Michael: constructs a very nice real analysis proof that the first sequence converges, then computes the limit in a nice rigorous fashion. Also Michael: Well let’s just let this infinite radical be a function, probably well-defined, who knows. Let’s get a polynomial equation, I dunno, probably a linear function. Hey! This linear function satisfies the recurrence, we have no other choice but to declare this the answer!
@@dnuma5852 If he said that, it doesn’t make any sense, because unlike the first one, the second infinite radical is not the limit of a sequence with a simple recurrence. Instead, it’s the limit of one chain in some doubly-indexed sequence a_{m,n}, with a_{m,m}=sqrt(m^2+3m+1) and a_{m,n}=sqrt(m^2+3m+1+a_{m+1,n}), namely the limit of a_{1,n} as n goes to infinity. This is a totally different type of problem, and can’t be handled with the exact ideas as the first one. It would be useful and instructive for Michael to have covered this one rigorously too.
Noahtaul(know it all): you are among many who appear to be quite knowledgeable/proficient mathematically who have “empty math channel” Noahtaul: So why don’t you produce your own math videos and publish them on your channel?
I really liked the Penn Fact box containing a formal statement of the Monotone Convergence Theorem. This kind of thing should be very helpful to someone like me who doesn't use math too often but enjoys your videos.
For the second one, if you pick f(x)=x^2-x-1=x^2-(x+1) you get sqrt(x^2-(x+1)+sqrt((x+1)^2-(x+2)+sqrt((x+2)^2-(x+3)...)))=F(x) and the value we're looking for is F(3) but in this case, F(x)=x
Here's how I did the second one: I noticed that the numbers can be written as 2^2+1, 3^2+2, 4^2+3, ..., so I write a1=(the original formula), a2=(formula starting from 11), a3=(formula starting from 19),... and observe that a2=a1^2-2^2-1, a3=a2^2-3^2-2, ... so that a_n ^2 - a_{n+1} ^2 = (n+1)^2 + n = (n+2)^2 - (n+3) and just guessed a_n = n+2... so a_1 = 3. Of course it's not rigorous, but it works.

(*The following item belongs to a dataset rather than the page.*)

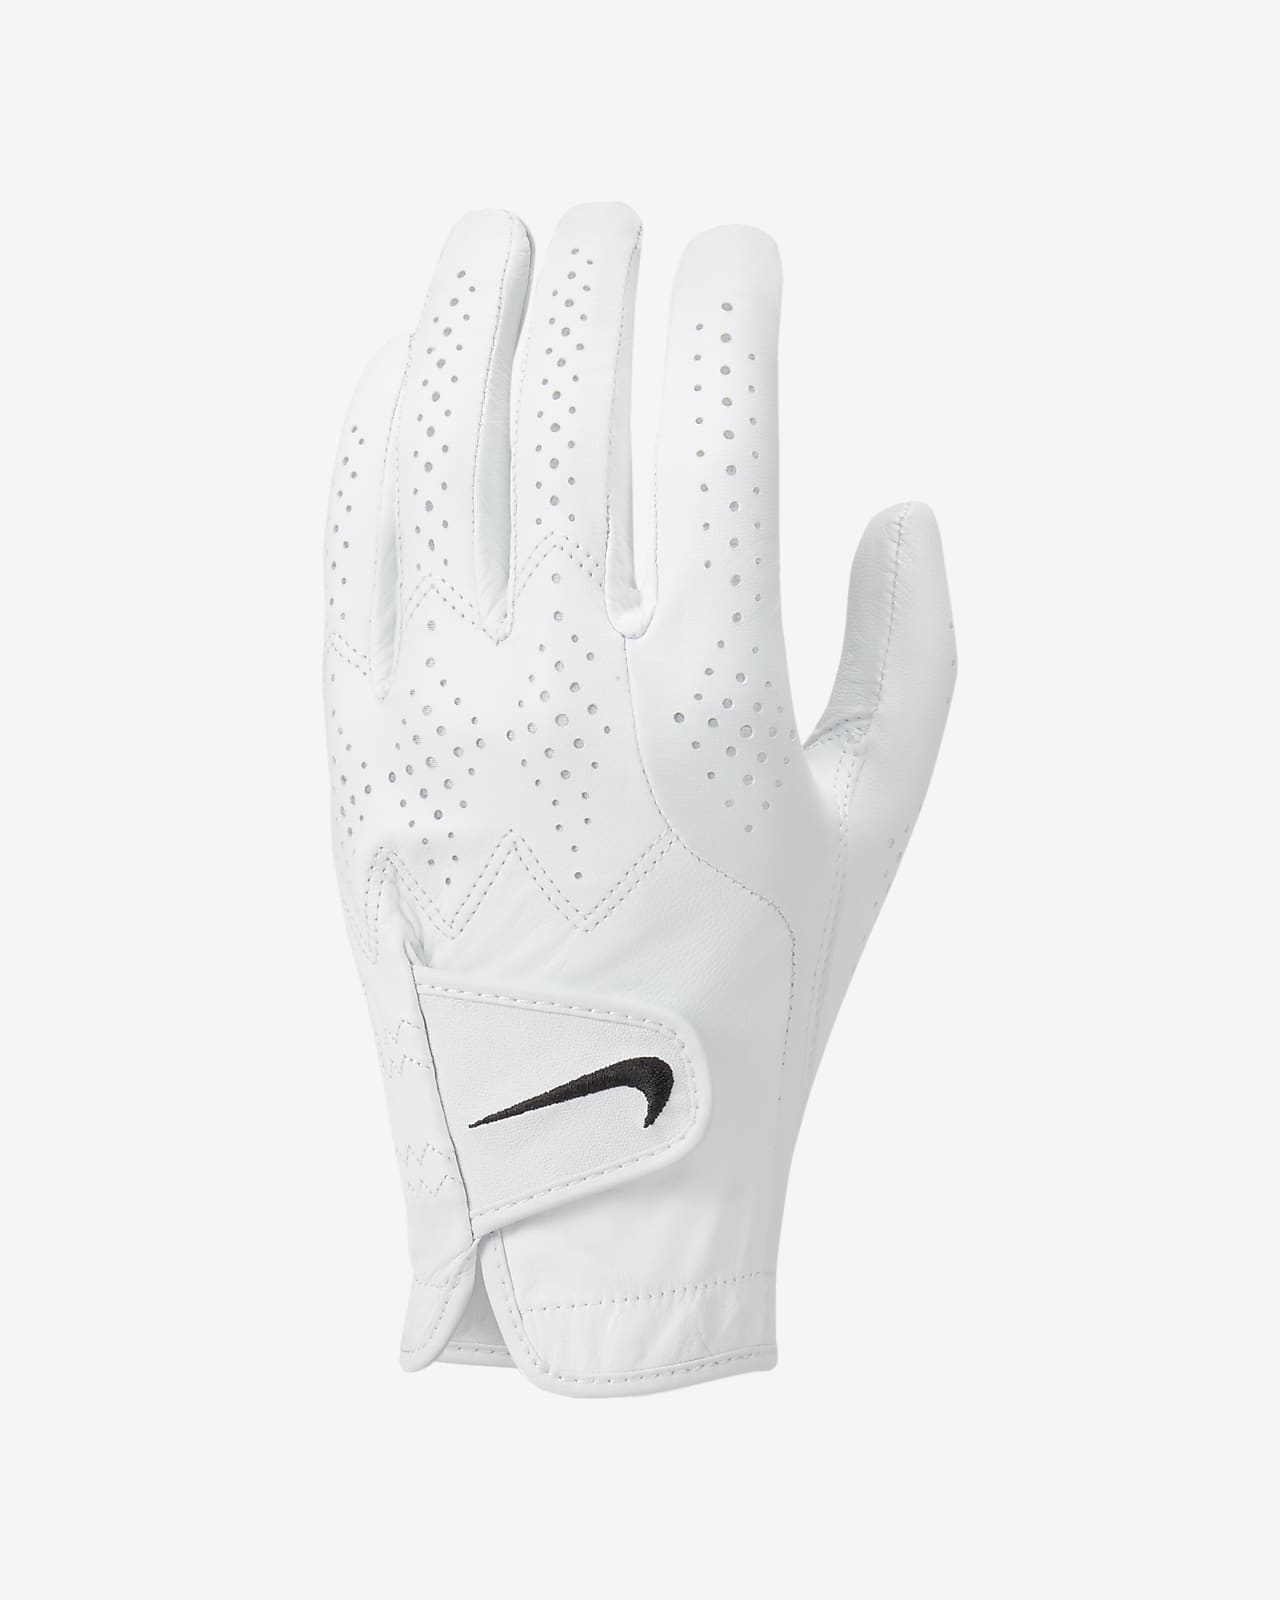 Nike Tour Classic 4 Golf Glove (Left Cadet)

Thanks for writing the actual sequence. One thing I really hate about "..."-expressions is that the actual sequence usually is not obvious (to me), in particular the starting value (which is important for the limit in the general case). I guess convention is "..." starts at zero in sums and at one in products? There are other places it gets put though, for instance roots, what then?
The first example is a typical case of an iteration of the form f[f[f[ .....].If this iteration converges , then the limit is a solution of x = f[x]. In our case f[x]= (x+6)^(1/3). This is easy to see if one looks a the graphs of x ,and f[x] , where one can see a sort of spider web which arises if one looks at the points f[f[x] ,f[f[f[x]]] etc. around the point of intersection of the two graphs.The cubic equation is not hard to solve since one can easily guess a solution.
Neat fact about the second sequence: If you pick a value of x to terminate it at, i.e. if you take some n to calculate √(f(1)+√(f(2)+√...+√f(n))) but then you replace the final f(n) with (n+2)², your sequence lands at exactly 3. Idea of proof: You'd have f(n-1)+√(n+2)² in the second last root, so that's (n-1)²+3(n-1)+1+(n+2) = n²+2n+1 = (n+1)², so that gives f(n-2)+√(n+1)² in the third last root which reduces to just n², the next one (n-1)², and so on all the way back to f(1)+√4² = f(1)+4 = 5+4 = 9, so the topmost root becomes √9 = 3.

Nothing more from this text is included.